In 2015, 119,509 babies were born in Belarus, and 120,230 people died. Belarus’s population reached 9,498,400 people at the end of 2015, up from 9,480,900 at the start of the year (an increase by 18,500 people).1 Rural population decreased by 27,600 people, to 2,128,300 people from 2,155,900 people. As in 2014, population decreased in all regions, except for the city of Minsk (up by 20,000 people) and the Minsk Region (up by 10,000 people).
Net migration gain amounted to 18,500 people in 2015 — it made up for the natural population loss, and ensured an increase in Belarus’s population by 18,000 people.
Belarus’s workforce kept decreasing, though: by more than 60,000 people in 2015. The decline is due to demographic factors that were analyzed in the previous issues of Belarusian Yearbook.2
The country’s demography policy still focuses on families with children: an additional 172,000 families received childcare allowances for children aged from 3 to 18, provided they have a child or children younger than 3 years of age. The family capital program was launched, envisaging the crediting of USD 10,000 to a deposit account of a family, where a third and subsequent child is born.3 In the first three quarters of 2015, USD 68 million was credited to parents’ accounts.
Labor market
In 2015, Belarus’s workforce averaged 4,482,600 people, down by 1.5% from 2014. According to Belstat, the country’s workforce decreased by 61,200 people in 2015, to 4,470,000 people in December 2015.4 Official unemployment remains low, at 1% of the economically active population (up from 0.5% in 2014). In late 2015, there were 46,000 officially unemployed people in the country. Last year, BYR 40 billion was spent on unemployment benefits, or 0.005% of GDP, some 80 times less than the average for transition economies.

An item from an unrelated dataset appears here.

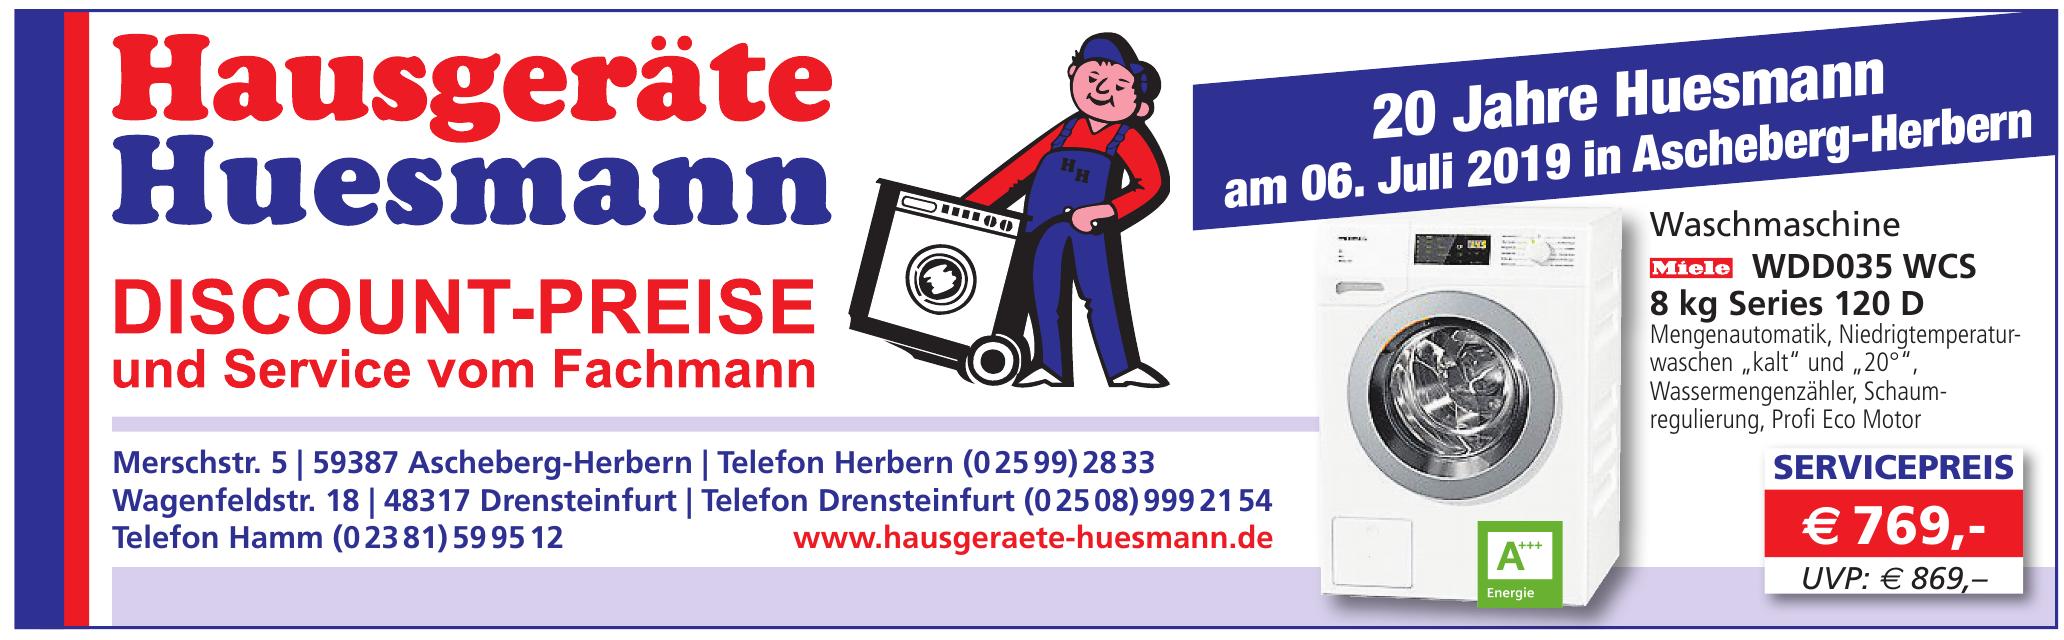 Hausgeräte Huesmann

The systemic ‘bottlenecks’ of the labor market observed in 2015 include.
1. Passive redundancy policy and excessive employment. Starting from mid-2015, some 80,000–120,000 workers were on forced leaves or worked shorter weeks due to the drop in demand in the Russian market. Many state enterprises are supported as last resort employers. This strategy alleviates the short-term negative consequences of the growth of unemployment; however, the policy of supporting jobs, not workers, disrupts the logic of the dependence of demand for labor on demand for products and undermines the foundation for anticipated productivity gain. Productivity shrank faster in 2015 than labor costs fell (see Figure 2).
The burden of hidden unemployment was passed on from job centers to employers (unlike unemployment benefits, severance pays were relatively high, compared with elsewhere in the region). Efforts to restructure ineffective enterprises are blocked, and formally labor compensation costs do not look threatening. In the manufacturing sector, compensations (with payments to the Social Security Fund) do not exceed 17% of product costs. However, we should add costs incurred to preserve jobs, which are almost never taken into account.

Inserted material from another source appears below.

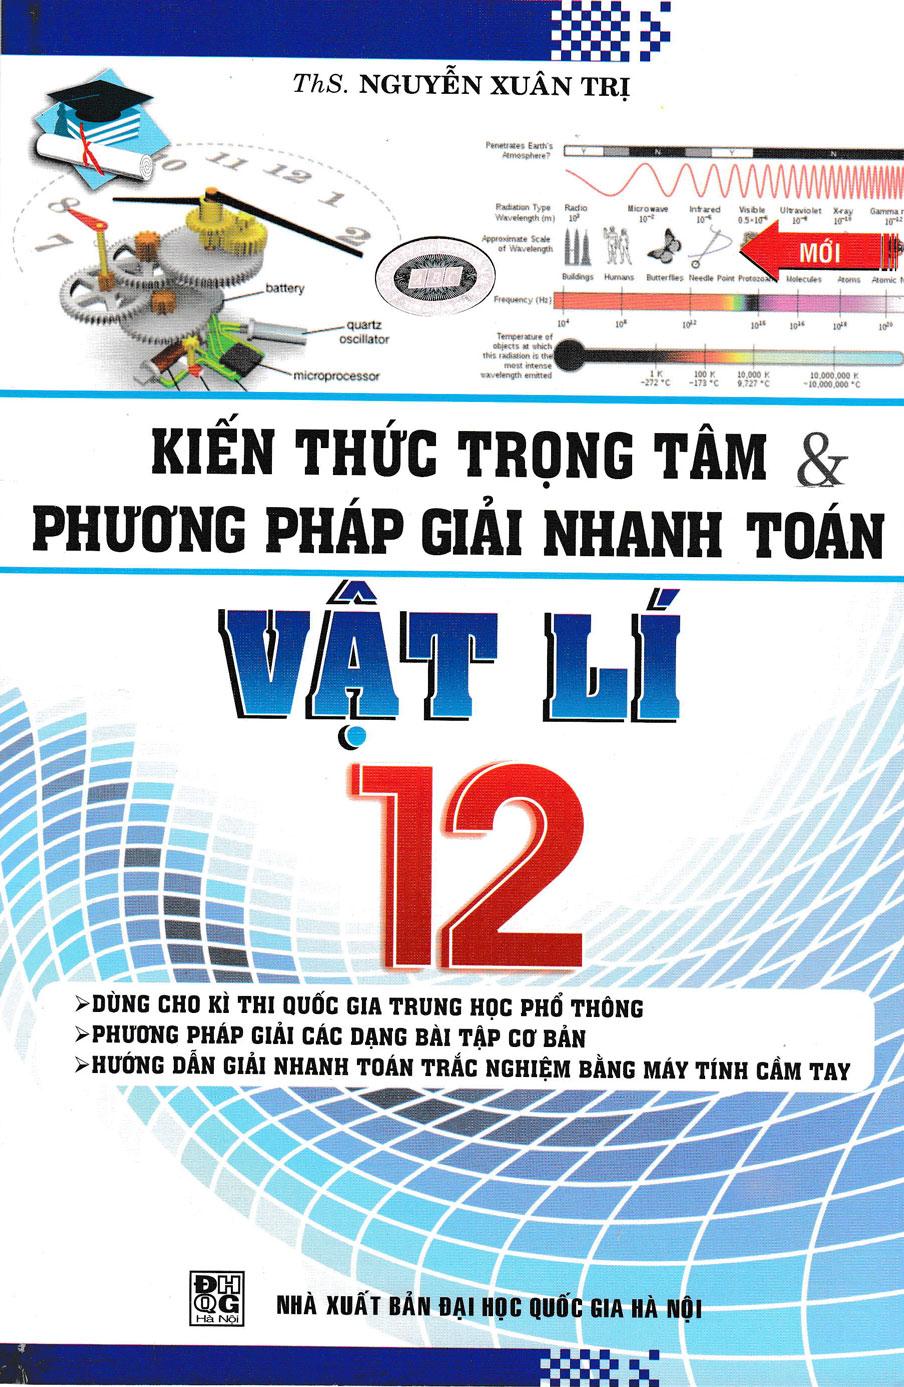 Kiến Thức Trọng Tâm Và Phương Pháp Giải Nhanh Toán Vật Lí 12 - EBOOK/PDF/PRC/EPUB

2. Narrow wage differentials (especially in the budget sector, where a wage reform is called for, along with the introduction of result-oriented budgeting). The contracted differentials affect the mid- and long-term contribution to future productivity and economic growth in the sectors that are responsible for human capital generation — education and healthcare. Besides, the relatively low return on human capital remains a strong ousting factor.
The Palma ratio (the ratio of the richest 10% of the population’s share of GNI divided by the poorest 40%’s share) in Russia has remained more than twice as high as in Belarus in the past decade. Positive migrant selection affects both productivity and GDP due to ‘brain drain.’ This problem becomes evident if we compare the qualification of registered labor migrants who leave Belarus and enter the country.
3. High labor turnover (the turnover rate exceeded 50% in 2010–2015). Workforce is normally reallocated to less productive sectors and is largely motivated by corrupted stimuli to find a less strenuous job. High labor turnover mostly affects the manufacturing sector, which accounts for 32% of dismissed workers and 23% of newly employed workers. In the woodworking sector, the retirement ratio (ratio of dismissed personnel to the average number of listed employees) remained at 38% over the past five years. The lack of balance between professional skills of workers and employers’ requirements is another reason behind the high dismissals rate, along with the overall ineffectiveness of production. The latter forces employers to maintain a fixed share of staff that can easily be replaced (trainees, workers employed subject to a trial period), who are paid minimum wages, in order to be able to pay more valuable staff higher wages. This adaptation mechanism helps enterprises, especially those owned by the state, to deal with excessive employment. This mechanism takes its toll on the quality of workforce, as the share of unskilled workers increases. According to specialists, up to 5% of the employed population (200,000–250,000 people) could be involved in this ‘rotating buffer’ in 2015, and for some sectors the share can be twice if not thrice as high.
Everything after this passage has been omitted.